358 : m_K(K), m_N(N), m_enc_matrix(N * K) {
359 if(m_K == 0 || m_N == 0 || m_K > 256 || m_N > 256 || m_K > N) {
360 throw Invalid_Argument("ZFEC: violated 1 <= K <= N <= 256");
361 }
362
363 std::vector<uint8_t> temp_matrix(m_N * m_K);
364
365 /*
366 * quick code to build systematic matrix: invert the top
367 * K*K Vandermonde matrix, multiply right the bottom n-K rows
368 * by the inverse, and construct the identity matrix at the top.
369 */
370 create_inverted_vdm(&temp_matrix[0], m_K);
371
372 for(size_t i = m_K * m_K; i != temp_matrix.size(); ++i) {
373 temp_matrix[i] = GF_EXP[((i / m_K) * (i % m_K)) % 255];
374 }
375
376 /*
377 * the upper part of the encoding matrix is I
378 */
379 for(size_t i = 0; i != m_K; ++i) {
380 m_enc_matrix[i * (m_K + 1)] = 1;
381 }
382
383 /*
384 * computes C = AB where A is n*K, B is K*m, C is n*m
385 */
386 for(size_t row = m_K; row != m_N; ++row) {
387 for(size_t col = 0; col != m_K; ++col) {
388 uint8_t acc = 0;
389 for(size_t i = 0; i != m_K; i++) {
390 const uint8_t row_v = temp_matrix[row * m_K + i];
391 const uint8_t row_c = temp_matrix[col + m_K * i];
392 acc ^= GF_MUL_TABLE(row_v)[row_c];
393 }
394 m_enc_matrix[row * m_K + col] = acc;
395 }
396 }
397}
Member Function Documentation
◆ decode_shares()
| void Botan::ZFEC::decode_shares | ( | const std::map< size_t, const uint8_t * > & | shares, |
| size_t | share_size, | ||
| const output_cb_t & | output_cb ) const |
- Parameters
-
shares map of share id to share contents share_size size in bytes of each share output_cb the output callback
Definition at line 445 of file zfec.cpp.
447 {
448 /*
449 Todo:
450 If shares.size() < K:
451 signal decoding error for missing shares < K
452 emit existing shares < K
453 (ie, partial recovery if possible)
454 Assert share_size % K == 0
455 */
456
457 if(shares.size() < m_K) {
458 throw Decoding_Error("ZFEC: could not decode, less than K surviving shares");
459 }
460
461 std::vector<uint8_t> decoding_matrix(m_K * m_K);
462 std::vector<size_t> indexes(m_K);
463 std::vector<const uint8_t*> sharesv(m_K);
464
465 auto shares_b_iter = shares.begin();
466 auto shares_e_iter = shares.rbegin();
467
468 bool missing_primary_share = false;
469
470 for(size_t i = 0; i != m_K; ++i) {
471 size_t share_id = 0;
472 const uint8_t* share_data = nullptr;
473
474 if(shares_b_iter->first == i) {
475 share_id = shares_b_iter->first;
476 share_data = shares_b_iter->second;
477 ++shares_b_iter;
478 } else {
479 // if share i not found, use the unused one closest to n
480 share_id = shares_e_iter->first;
481 share_data = shares_e_iter->second;
482 ++shares_e_iter;
483 missing_primary_share = true;
484 }
485
486 if(share_id >= m_N) {
487 throw Decoding_Error("ZFEC: invalid share id detected during decode");
488 }
489
490 /*
491 This is a systematic code (encoding matrix includes K*K identity
492 matrix), so shares less than K are copies of the input data,
493 can output_cb directly.
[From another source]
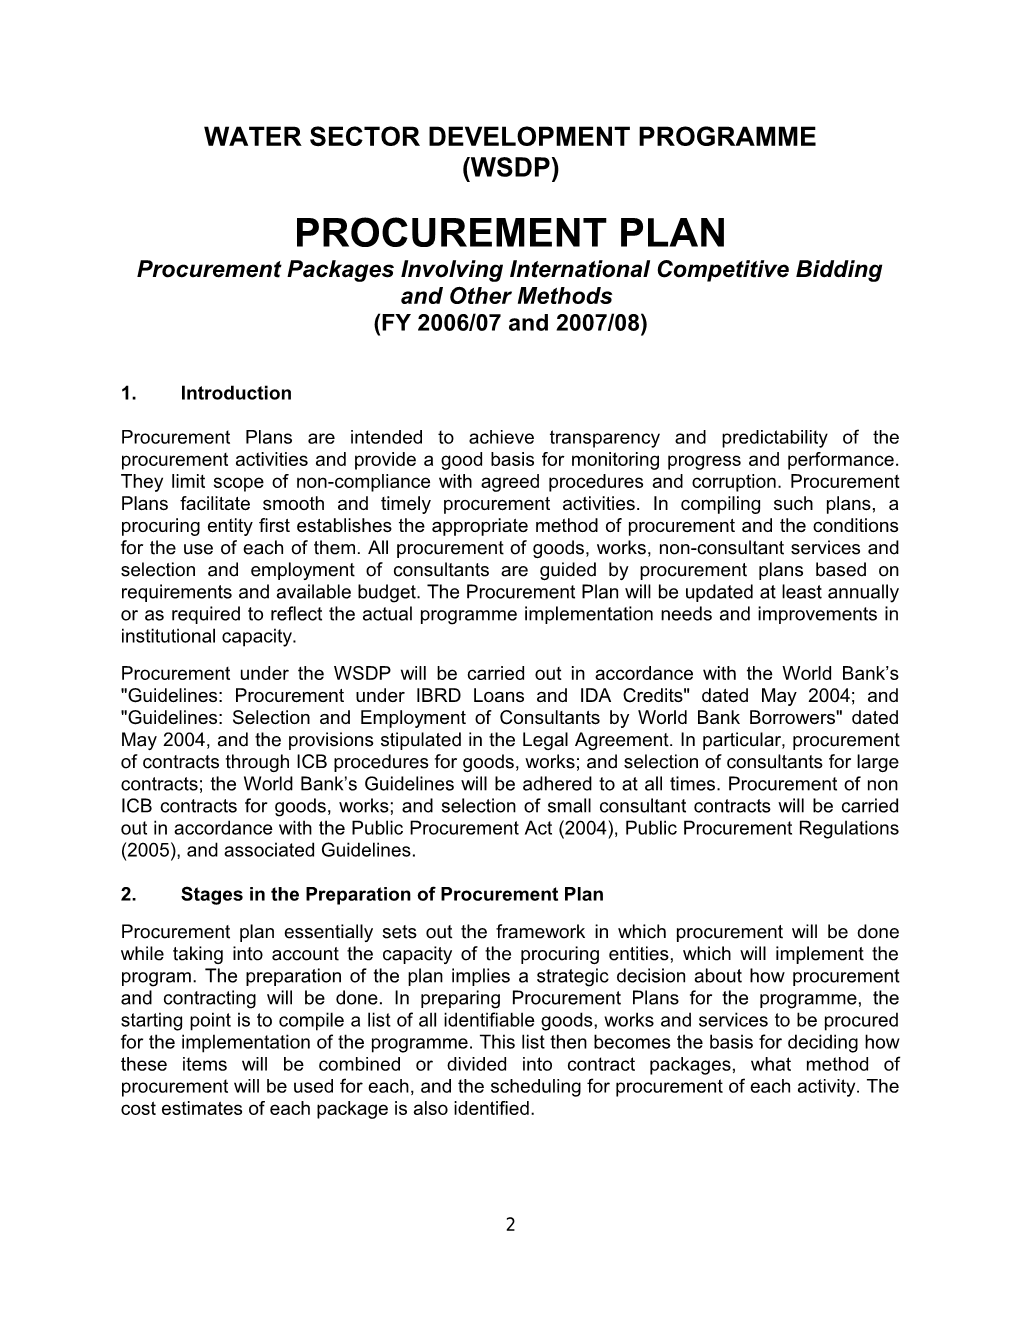 Details of the Procurement Plan Involving ICB & Other Methods(First 1.5 Years)

Also we know the encoding matrix in those rows
494 contains I, so we can set the single bit directly without copying
495 the entire row
496 */
497 if(share_id < m_K) {
498 decoding_matrix[i * (m_K + 1)] = 1;
499 output_cb(share_id, share_data, share_size);
500 } else {
501 // will decode after inverting matrix
502 std::memcpy(&decoding_matrix[i * m_K], &m_enc_matrix[share_id * m_K], m_K);
503 }
504
505 sharesv[i] = share_data;
506 indexes[i] = share_id;
507 }
508
509 // If we had the original data shares then no need to perform
510 // a matrix inversion, return immediately.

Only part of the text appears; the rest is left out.